The Strategic Narrative
Three themes ran through the keynote and most partner recaps:
- Convergence of operational and analytical data. Databases are being repositioned as participants in the AI and analytics workflow rather than upstream systems that feed it. Database Hub, OneLake, and expanded mirroring are the technical mechanisms behind this shift.
- Semantic context as a first-class capability. Fabric IQ introduces ontologies, graph, and semantic models as the grounding layer for AI agents. The recurring message: agents are only as reliable as the semantic context they operate over.
- Action, not just insight. Operations agents, planning in Fabric IQ, and translytical task flows shift Fabric toward a platform that takes action on data rather than only reporting on it.
Major Announcements
Fabric IQ
The headline announcement. Fabric IQ is an umbrella semantic intelligence layer with five components:
- Semantic Models — extended beyond Power BI reporting into AI grounding.
- Graph in Fabric — a scalable graph database for modeling relationships across customers, partners, and supply chains. Going generally available in the weeks following the conference.
- Data Agents — now generally available. Function as virtual analysts that answer business questions grounded in governed data.

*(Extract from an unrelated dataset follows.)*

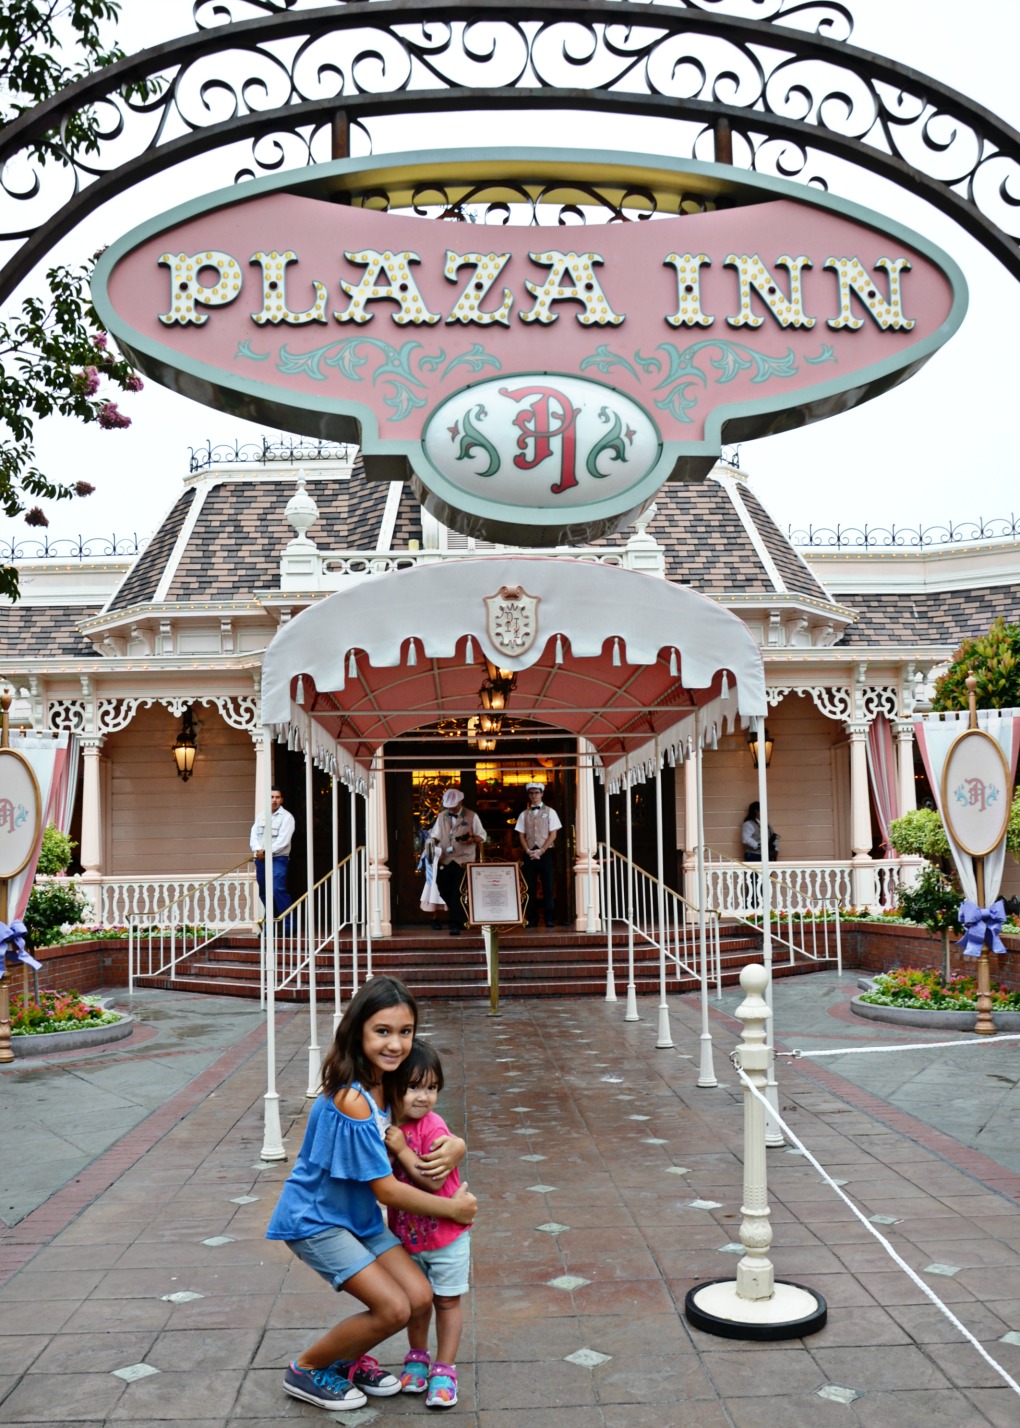 My Disneyland Character Dining Plaza Inn tips will help you create a magical experience during your next Disneyland visit!

- Operations Agents — new. Built on Real-Time Intelligence to monitor data and trigger workflows or remediation autonomously.
- Ontologies — the only entirely new component. Define business entities, relationships, properties, rules, and actions as an agent-readable domain model. Available in preview.
Fabric IQ ontologies will become accessible through an MCP server in preview, enabling AI agents to discover and act on the semantic layer programmatically. Fabric IQ sits alongside Work IQ (productivity signals from Microsoft 365) and Foundry IQ (AI Foundry institutional knowledge) within Microsoft’s broader IQ framework.
Microsoft also announced planning in Fabric IQ — a native enterprise planning capability that supports budgets, forecasts, and scenario models built directly on top of governed semantic models, eliminating the data movement and reconciliation typically required between planning tools and analytics platforms.
Database Hub in Fabric (Early Access)
The other headline announcement and the centerpiece of the SQLCon message. Database Hub provides a unified management experience for heterogeneous database estates, bringing Azure SQL Database, Azure Cosmos DB, Azure Database for PostgreSQL, Azure Database for MySQL, SQL Server (via Azure Arc), and Fabric Databases into a single view.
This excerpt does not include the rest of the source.